Castillon-du-Gard is a small medieval village that overlooks the Pont du Gard, a Roman aqueduct over the River Gardon that brought cool water from a source near Uzes to Nimes. A tangle of narrow streets interlace themselves around the church and buttressed buildings,leading to rampards that overlook the vines, olives and wheat fields that fill the valley below. The homes are large and feel prosperous as if Parisens and Swiss have come to buy, renovate and stay (which they have).A un-umbrellered cafe of silver, aluminium, sun- exposed chairs and tables caters for a few old boy locals. A very flash hotel/restaurant caters for the top echelons. Two other simple but excellent food places cater for everyone else – visitors and locals alike. There’s also a small alimentation and a very good clothes shop.

The children from the school are just off out.

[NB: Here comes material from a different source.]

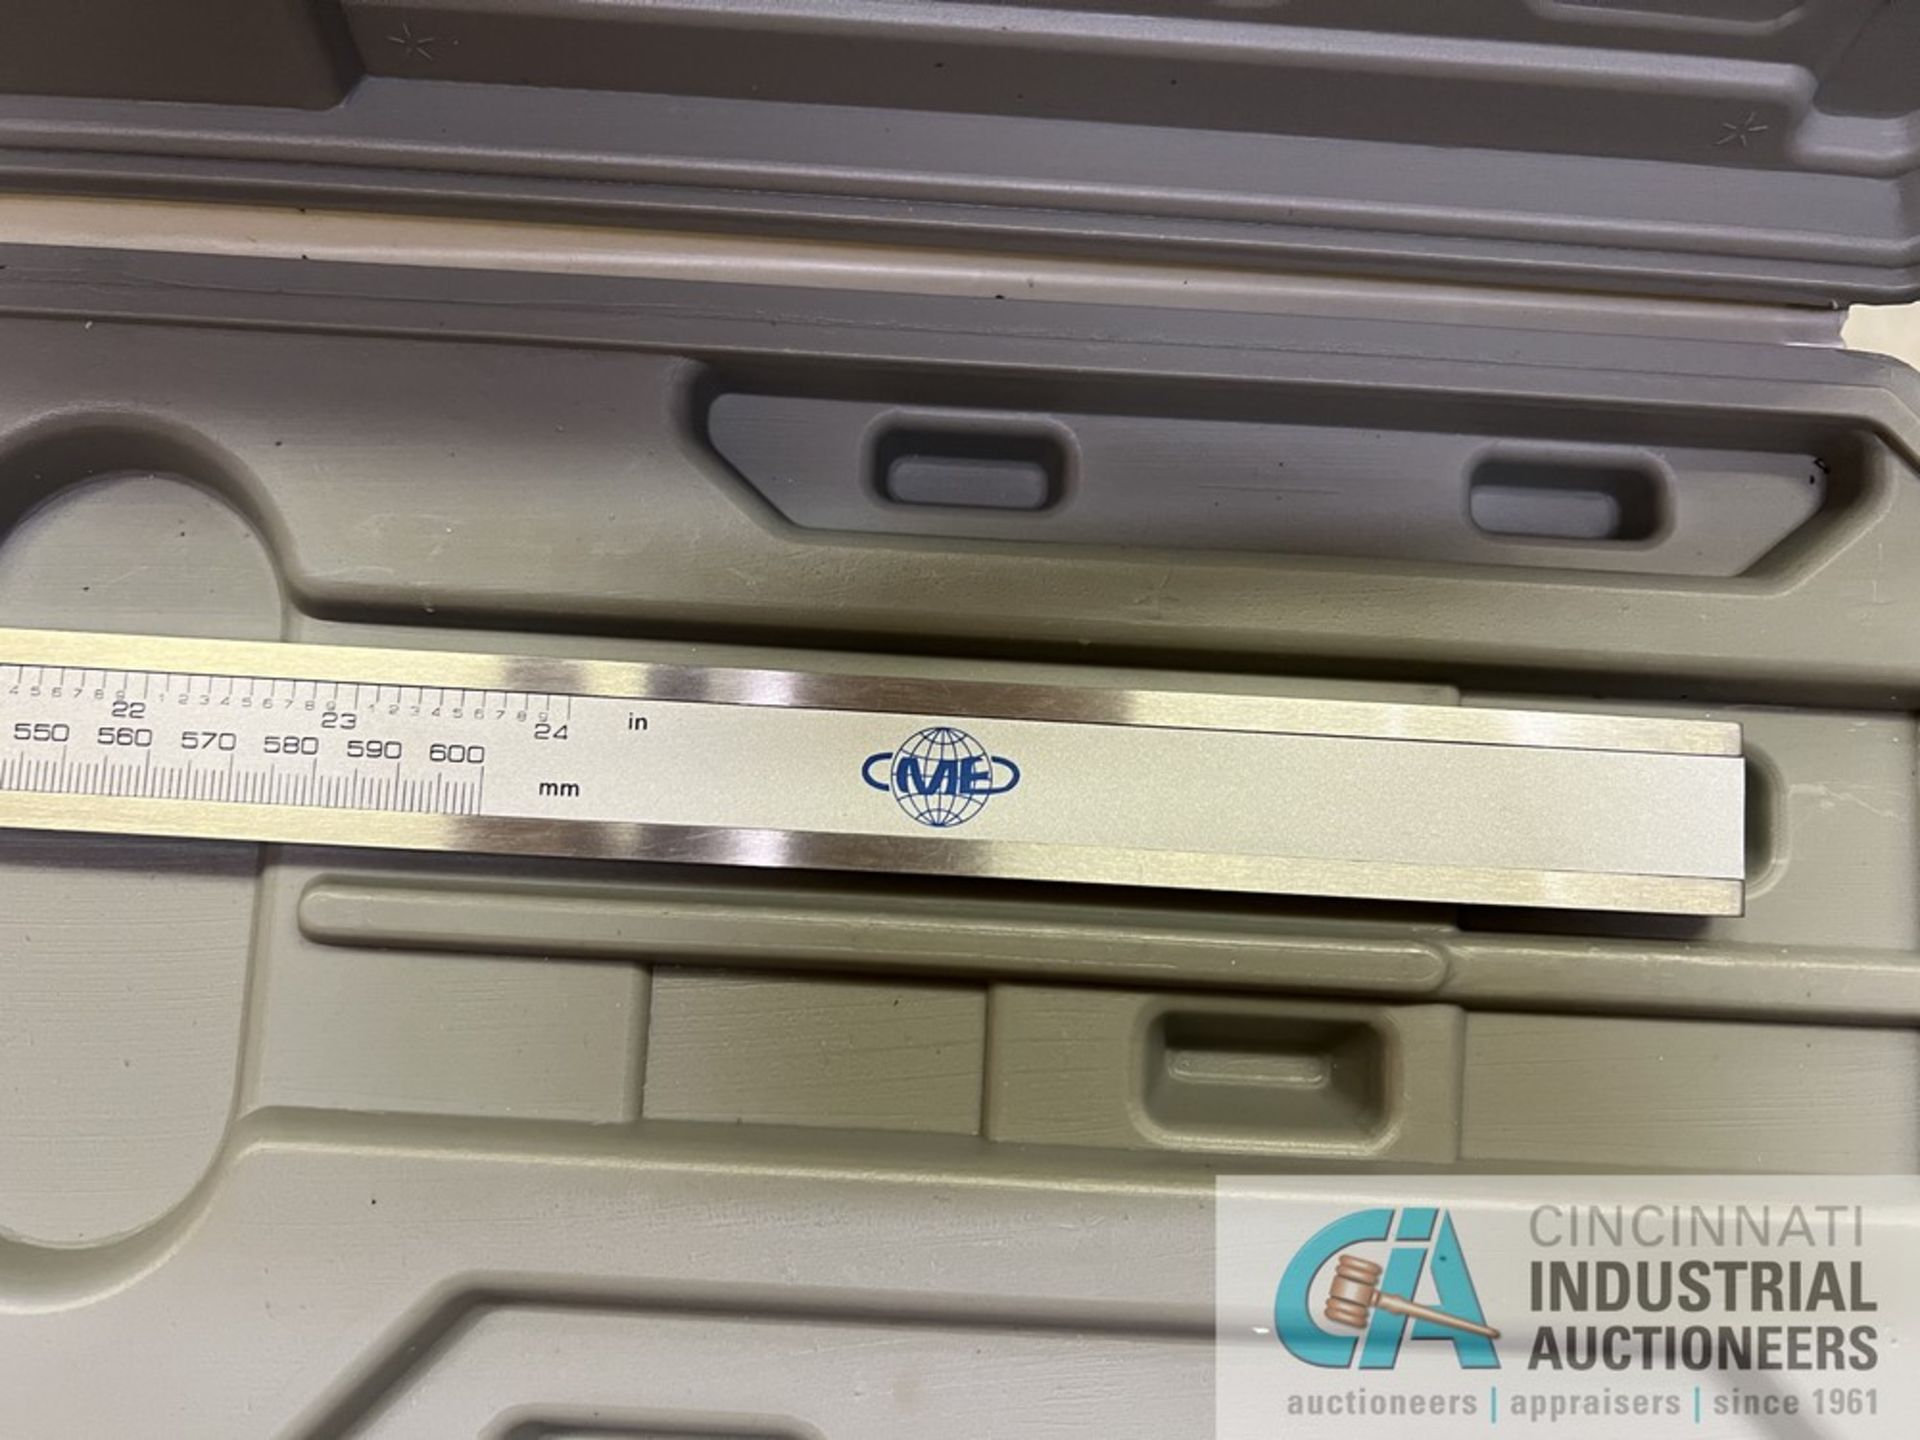 24" MF DIGITAL CALIPER **LOCATED AT 9150 PROSPECT STREET, INDIANAPOLIS, IN 46239 - REMOVAL BY - Image 2 of 3

Exploring Uzes with its perfectly preserved medieval architecture is a joy of memories of family and friends. Narrow streets lead off the large enclosed market place, ringed by tall buildings that look out from cracks in shuttered windows over bustling market days, squares of chattering cafe tables, truffled restaurants & luminous, slushy ice cream parlours. The canopy of plane trees provide a camouflage of dappled shade over all this activity.

Surrounding streets show off groups of exploring tourists, classy clothes shops (for men & women), local products, cafes, posh cake shops, boulangeries, bars and bistros.

The place has a special atmosphere even if the afternoon sitting in the cafes is slightly spolit by the aroma of fish from the morning market.

And then the return to the Renaissance streets and squares of Barjac with so many glorious memories around bull runs, swimming in Speedos, apricot flans, the Gold River, canoeing the Ceze, naturist pirates on the Ardeche, roundabouts in Avignon.

The heat blasts the back streets, burning anyone prepared to explore behind the square’s branch-covered facade. The access through the huge walls is evidence of shady Sunday meetups for short coffees before separating to find larger covers of cool breeze.

And just for those of you in the know – the buvette is still there, surrounded by Barjac lavender which at this time if year has not yet ben harvested. You can really smell it.